Kritik zu Der Seidenfächer
Zwei Frauenfreundschaften in China, mal modern, mal historisch: Wayne Wang hat einen Roman der chinesisch-amerikanischen Autorin Lisa See verfilmt
In der chinesischen Provinz Hunan gibt es die jahrhundertealte Tradition der arrangierten Frauenfreundschaft. Unter Zuhilfenahme astrologischer Expertisen suchen die Eltern für ihre Töchter eine beste Freundin aus. Schon in jungen Jahren schließen die Wahlschwestern einen Bund fürs Leben, der auch neben Ehe und Familie Bestand hat. Eine solche »laotong « stellte die chinesisch-amerikanische Autorin Lisa See ins Zentrum ihres Romanes »Der Seidenfächer« (2005), den Wayne Wang nun für die Leinwand adaptiert hat. War Sees Geschichte ausschließlich im China des 19. Jahrhunderts angesiedelt, ziehen Wang und seine drei Drehbuchautoren eine zweite, gegenwärtige Zeitebene ein.
Der Film beginnt im heutigen Shanghai, wo Nina (Bingbing Li) gerade dabei ist, ihr Karriereleben nach New York zu verlagern, als sie die Nachricht erhält, dass ihre langjährige Freundin Sophia (Gianna Jun) nach einem Verkehrsunfall im Koma liegt.

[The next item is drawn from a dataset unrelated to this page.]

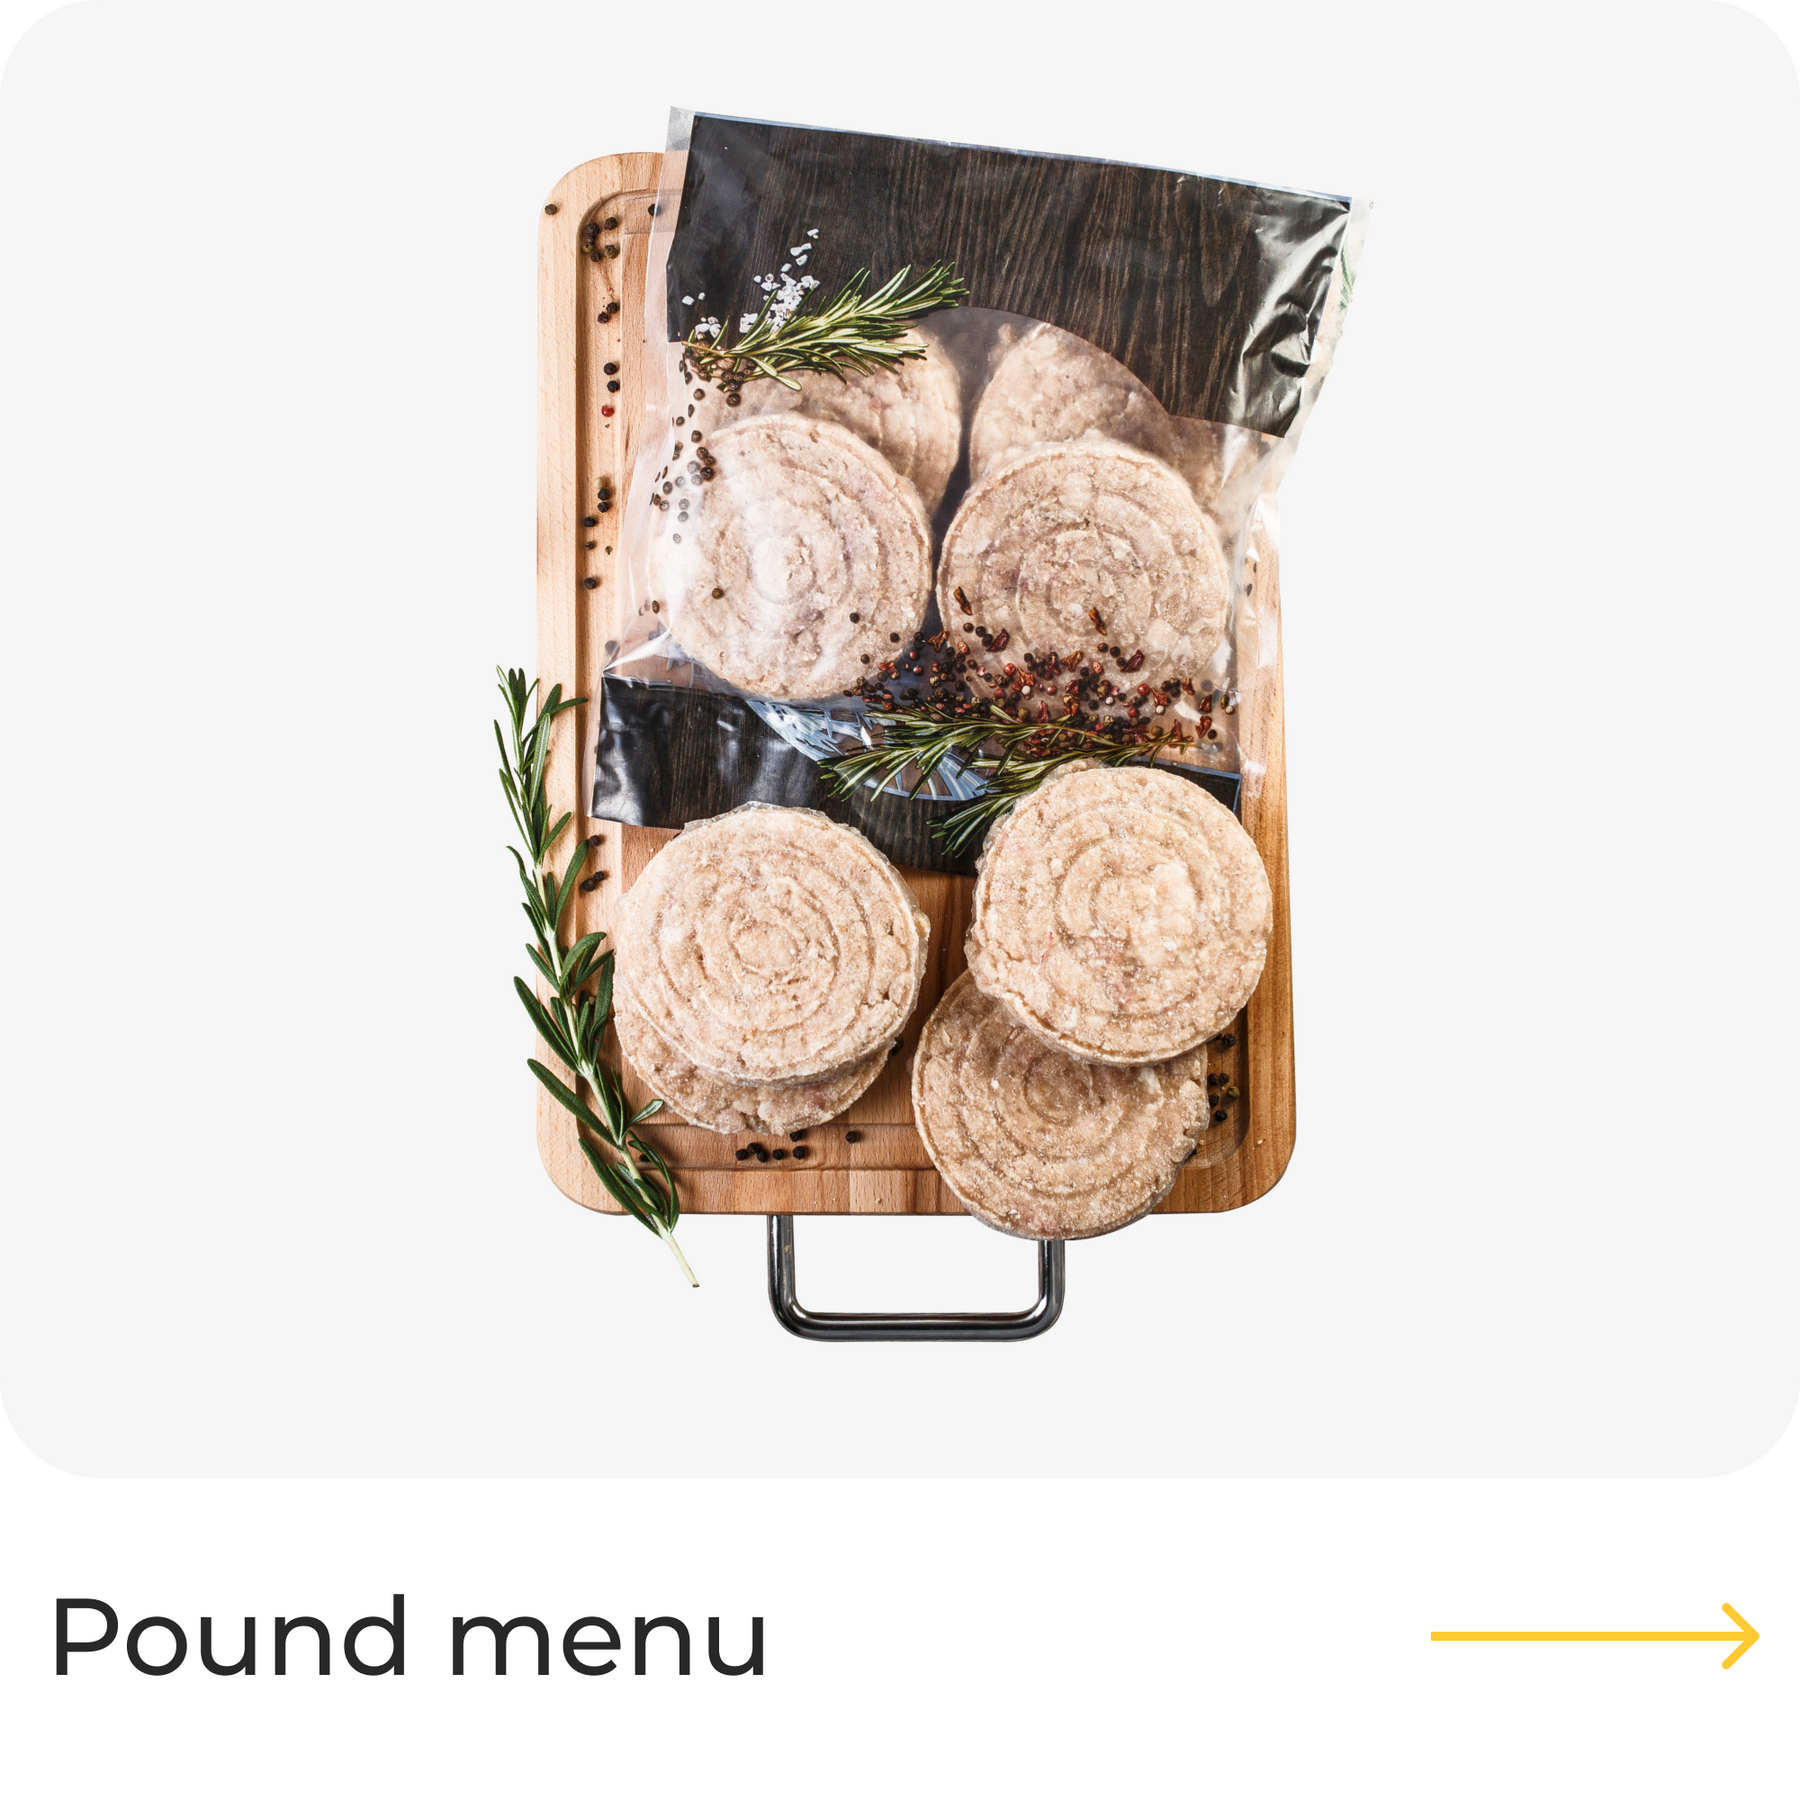 Pound menu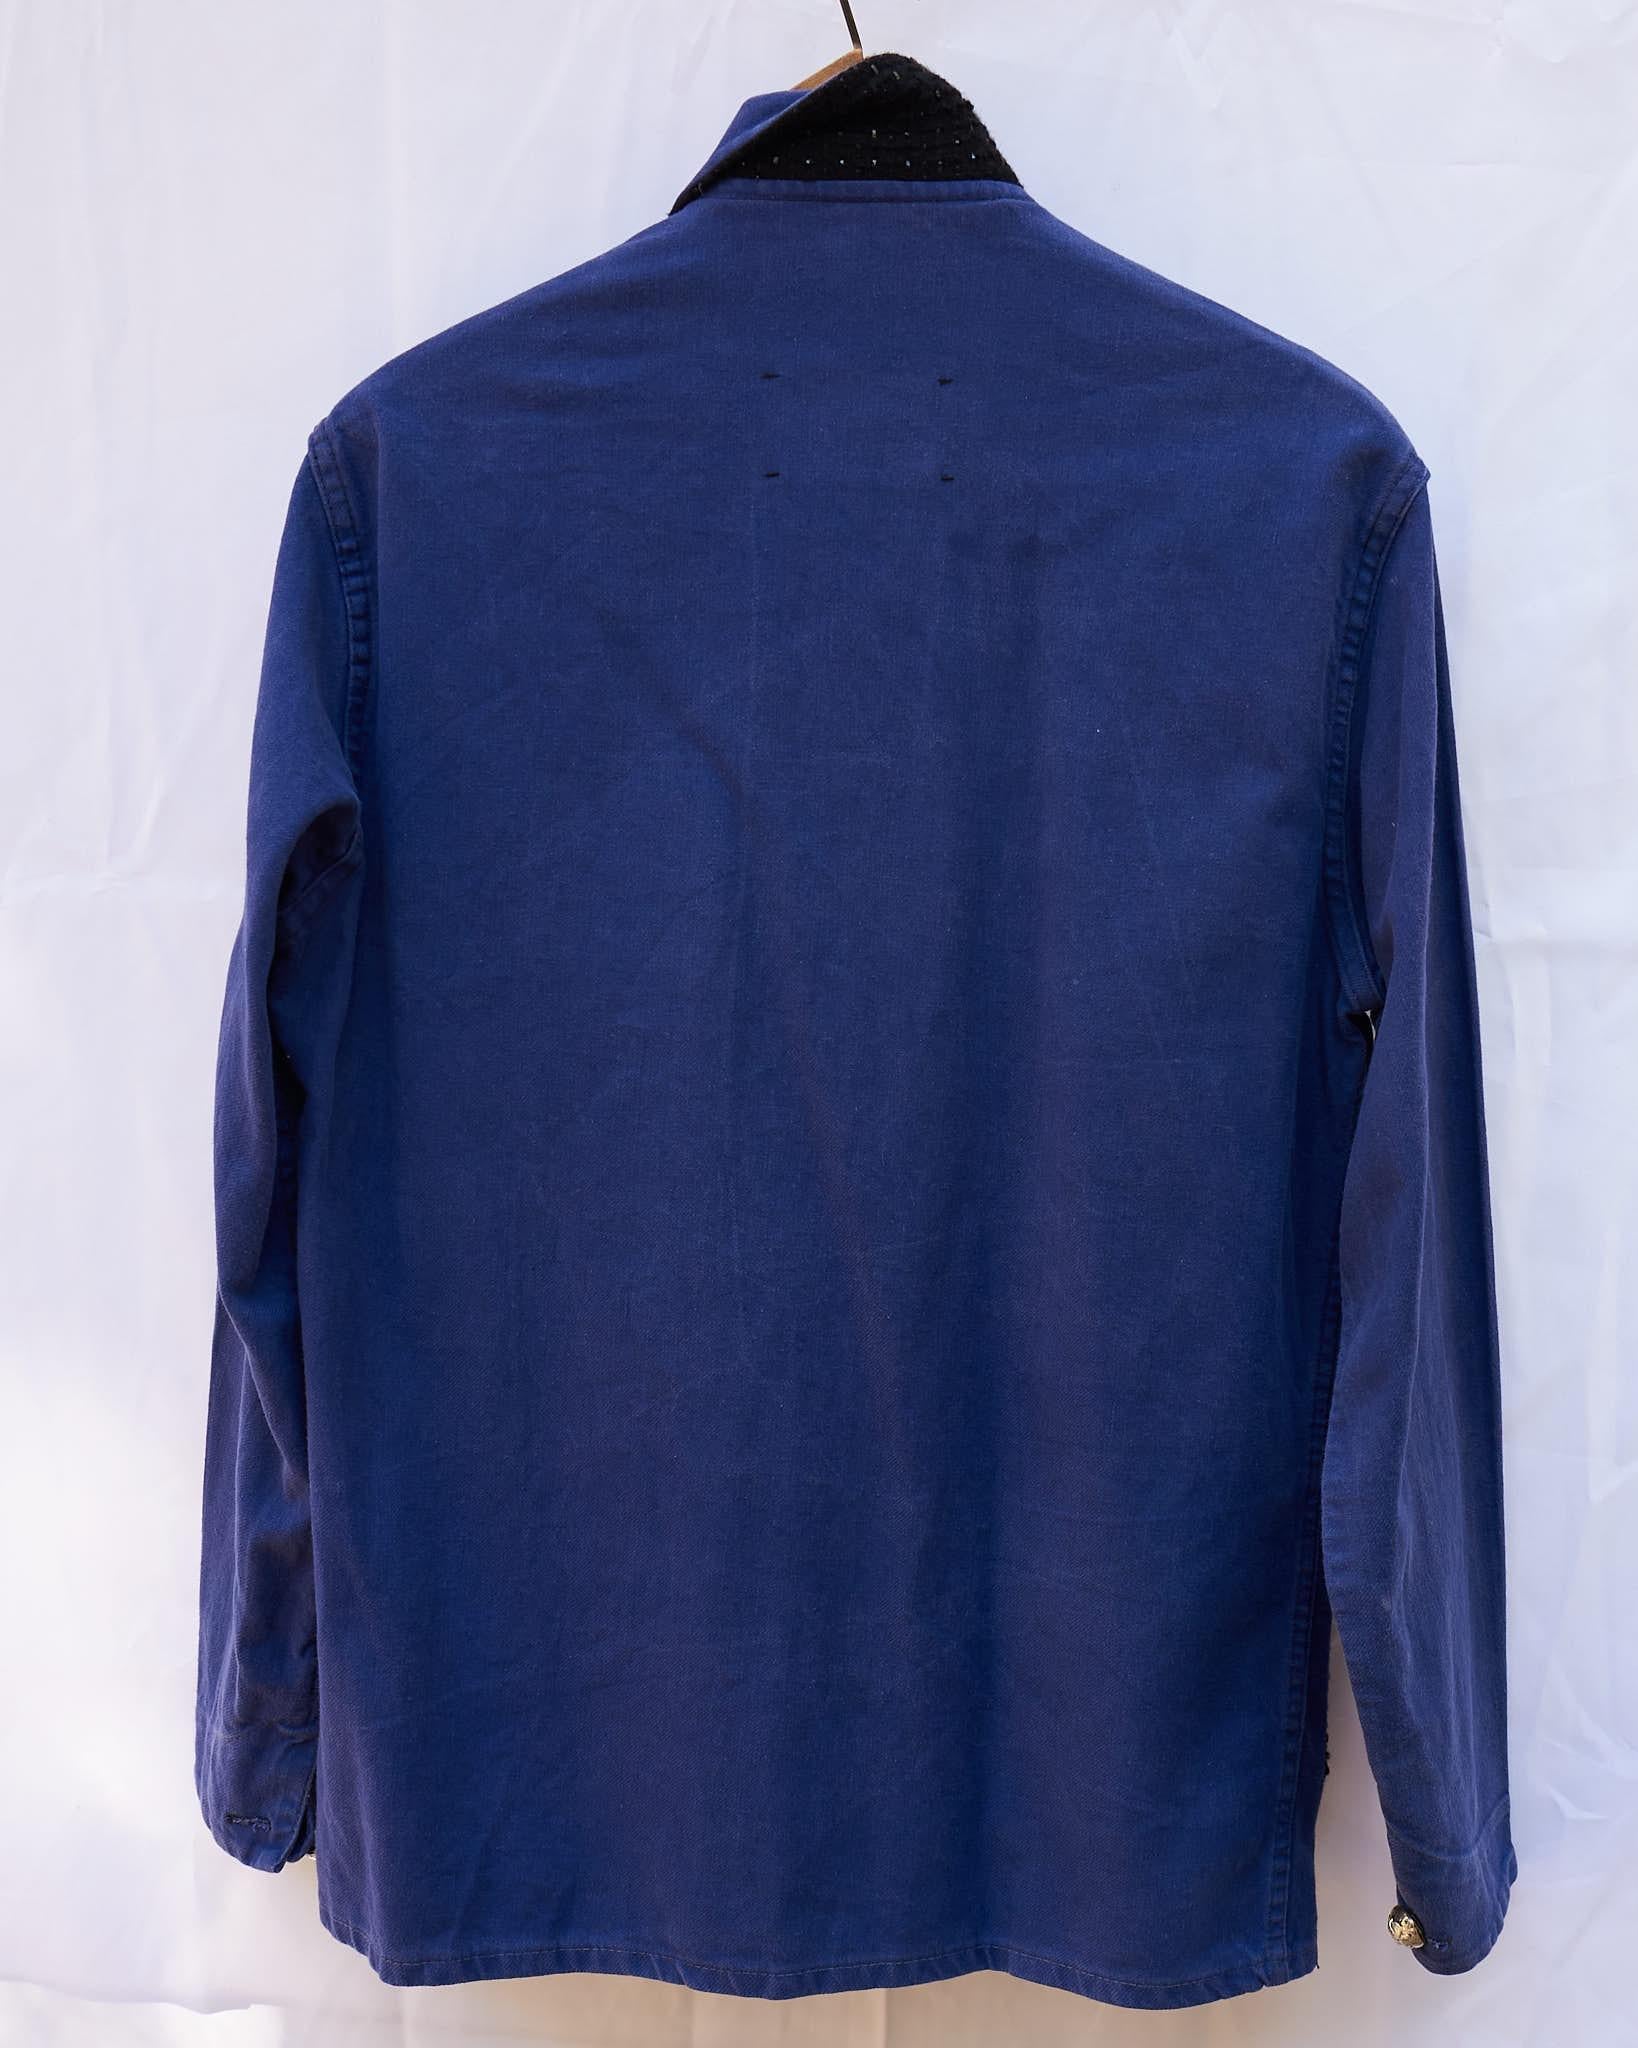 Designer Collectible Vintage Jacket Embellished French Work Blue Tweed J Dauphin 4

Nina entscheidet sich, vorerst in China zu bleiben, und in Rückblenden wird die Geschichte der Freundschaft der beiden Frauen rekonstruiert, die sich seit ihrer Kindheit kennen und als Erwachsene nach einigen Konflikten in verschiedene Richtungen gedriftet sind. In Sophias Apartment findet Nina ein Manuskript, in dem es um eine »laotong« zwischen der Tochter aus reichem Hause, Snow Flower, und der aus ärmlicheren Verhältnissen stammenden Lily im China des 19. Jahrhunderts geht. In einer gemessenen Pendeldramaturgie schwingt die Erzählung fortan zwischen den beiden Zeitebenen hin und her, wobei die Protagonistinnen in beiden Handlungssträngen von denselben Darstellerinnen gespielt werden. Wenn Snow Flower und Lily als Kinder der schmerzhaften Prozedur des Füßebindens unterzogen werden, schlüpft im nächsten Bild auf der Gegenwartsebene Nina aus ihren unbequemen Stöckelschuhen. Sind die Freundinnen im 19.Jahrhundert in der Lieblosigkeit ihrer arrangierten Ehen gefangen, erscheinen Nina und Sophia eher als Opfer des unfokussierten, stressgetriebenen Lebens in der modernen Gesellschaft. Immer wieder bleiben die beiden in der eigenen Sprachlosigkeit stecken, während die Beziehung für die Wahlschwestern in der Vergangenheit über alle Schicksalsschläge hinweg zu einem festen Anker und damit auch zur Spiegelung der unausgesprochenen Sehnsüchte der Gegenwartsfreundinnen wird.
Die Grenzen zwischen Freundschaft und Liebe geraten auf beiden Erzählebenen in Bewegung, ohne dass der Film jedoch den Mut zur lesbischen Lovestory findet. Auf die Gesamtlänge von 103 Minuten wirkt die Modernisierung der literarischen Vorlage durch die Parallelisierung einer Gegenwartsgeschichte jedoch deutlich überanstrengt und führt dazu, dass sich weder die beiden Frauenfreundschaften noch ihr jeweiliger zeithistorischer Kontext adäquat auf der Leinwand entfalten können. Die Entwicklung der Figuren bleibt schon früh in behaupteten Gefühlen stecken und die melodramatischen Möglichkeiten der Geschichte von zwei mal zwei Liebenden, die nie wirklich zueinanderfinden können, werden in kunsthandwerklicher Ambitioniertheit erstickt.